Sumado a ese caos de tráfico y calles estrechas, es necesario referirse a lo que merecería un capítulo propio: el transporte público. Roma cuenta con cuatro medios básicos de este tipo: taxi, autobuses, metro y tranvía (por no incluir los innumerables bus turísticos y vehículos propios de hoteles que en todo caso son medios privados). Y todos y cada de uno de ellos son en cierto modo un fracaso tanto para propios como para extraños. Los taxis son caros y los taxistas pícaros; los autobuses, impuntuales y masificados; el metro escaso y breve, dada la imposibilidad de acometer obras subterráneas por la riqueza arqueológica; y el tranvía también escaso en cuanto a líneas y recorrido. De esas cuatro opciones, el viajero daría el oro al tranvía, a pesar de su corto recorrido y el alto volumen de pasajeros. Unido a ello, tanto el autobús como el tranvía cuentan con un argumento en su contra, no obstante, que nada ayuda: su gratuidad. O, mejor dicho, no su gratuidad en esencia, sino la facilidad con la que propios y extraños pueden viajar sin pagar un euro. Al parecer, faltan revisores, a pesar del esfuerzo —que pudo leer el viajero y le contaron— que estaba llevando a cabo el ayuntamiento para cerrar esa sangría económica, salpicada también por múltiples corruptelas, amiguismo y un enorme absentismo laboral. No hay que olvidar que se trata de Italia y no lo comenta el viajero como algo despectivo, sino como un elemento esencial que forma parte del carácter de los moradores del país transalpino, si bien aquí es muy importante no caer en tópicos, piensa con cautela.
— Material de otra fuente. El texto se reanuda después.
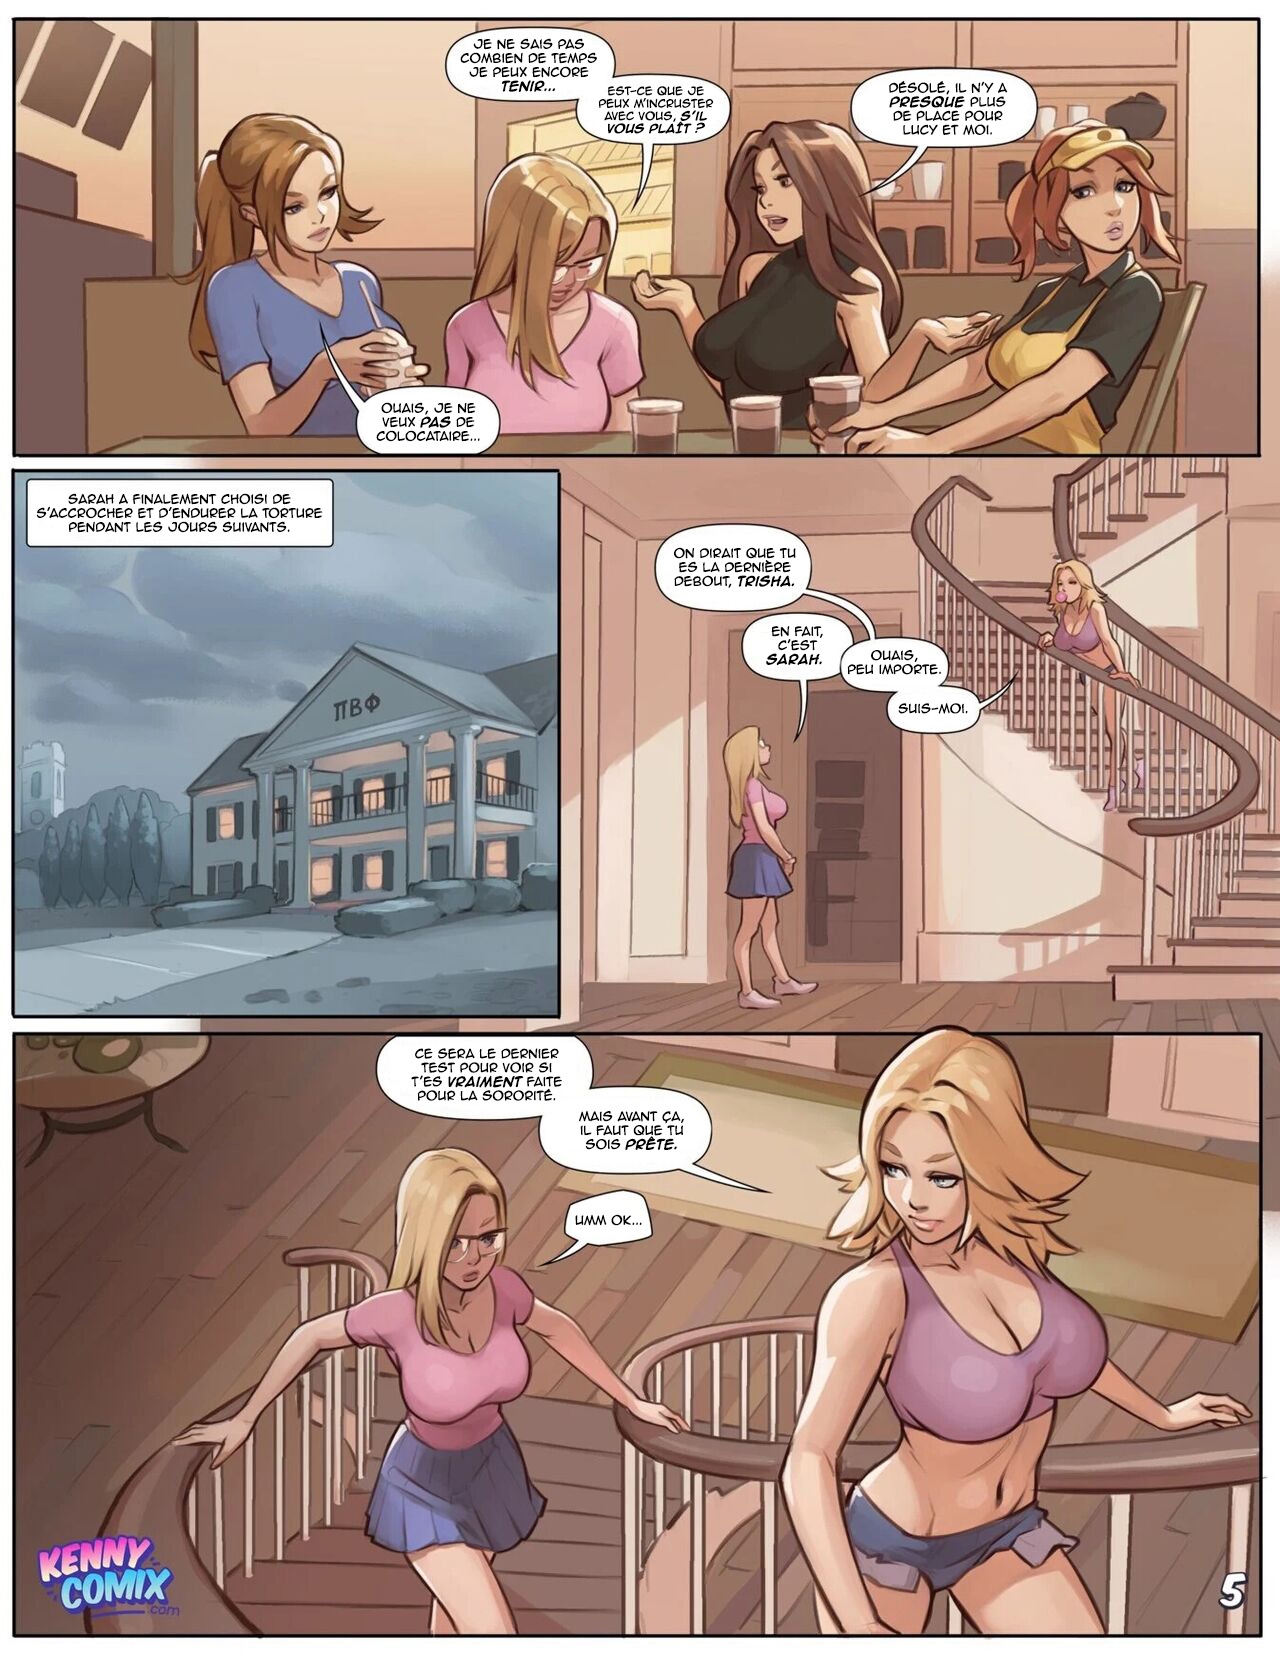 [Kenny Comix ( Voidwave)] Naughty Sorority: The New Pledge [French] 5
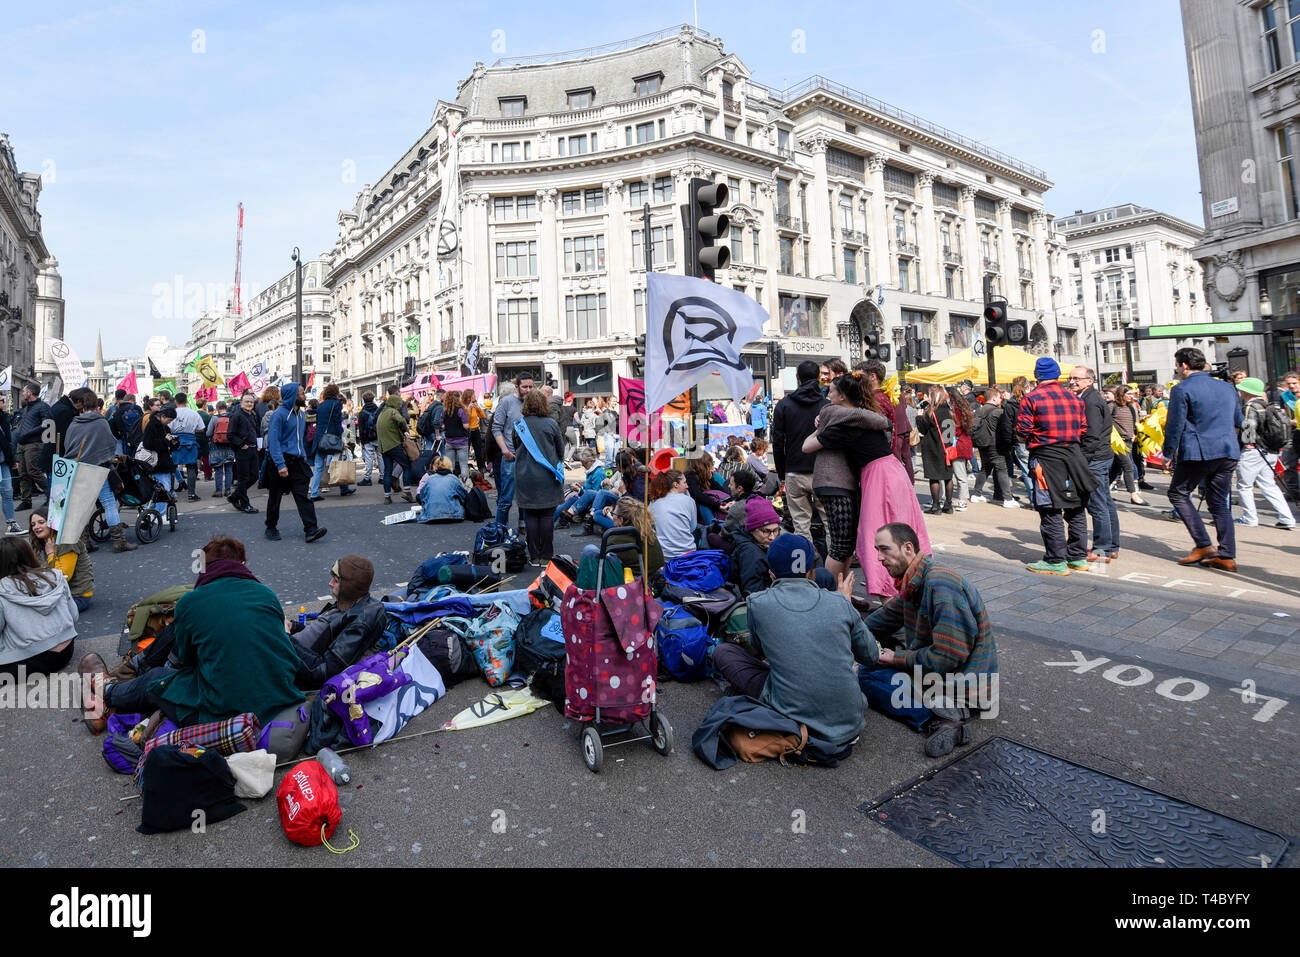 London, UK.  15 April 2019. People occupy Oxford Circus during "London: International Rebellion", a protest organised by Extinction Rebellion, demanding that governments take action against climate change.  Marble Arch, Oxford Circus, Piccadilly Circus, Waterloo Bridge and Parliament Square have been blocked by activists.  According to the organiser, similar protests are taking place in 80 other cities around the world.    Credit: Stephen Chung / Alamy Live News Stock Photo

Es cierto que el turismo vulgariza las ciudades. En mayor medida, las más bellas. Sin embargo, no tuvo el viajero esa sensación en la Ciudad Eterna. O al menos, no como en otros sitios. Pareciera que el inmenso turismo —descomunal, ya dijo— se moviera a través de las muchas bellezas artísticas de la ciudad, como si se tratara de una invisible pared que lo separada de éstas. A pesar de que visitar lugares como la Ciudad del Vaticano se convierta en algo casi cómico, dada la ingente cantidad de grupos turísticos con visita guiada, en su mayoría, que confluyen en los mismos espacios. Visitar los Museos del Vaticano es similar a visitar El Corte Inglés el primer día de rebajas: las miríadas de gentío te arrastran como si se tratara de una marea humana babélica y se corría el riesgo dramático de perder al guía del grupo. Ese hecho, se convierte en tragicómico en la Capilla Sixtina, en la que, unido a la multitud de gente, cada minuto una voz crepuscular surgida de un micrófono exigía silencio y no hacer fotos, sin apenas éxito. Casi esperpéntico, la verdad.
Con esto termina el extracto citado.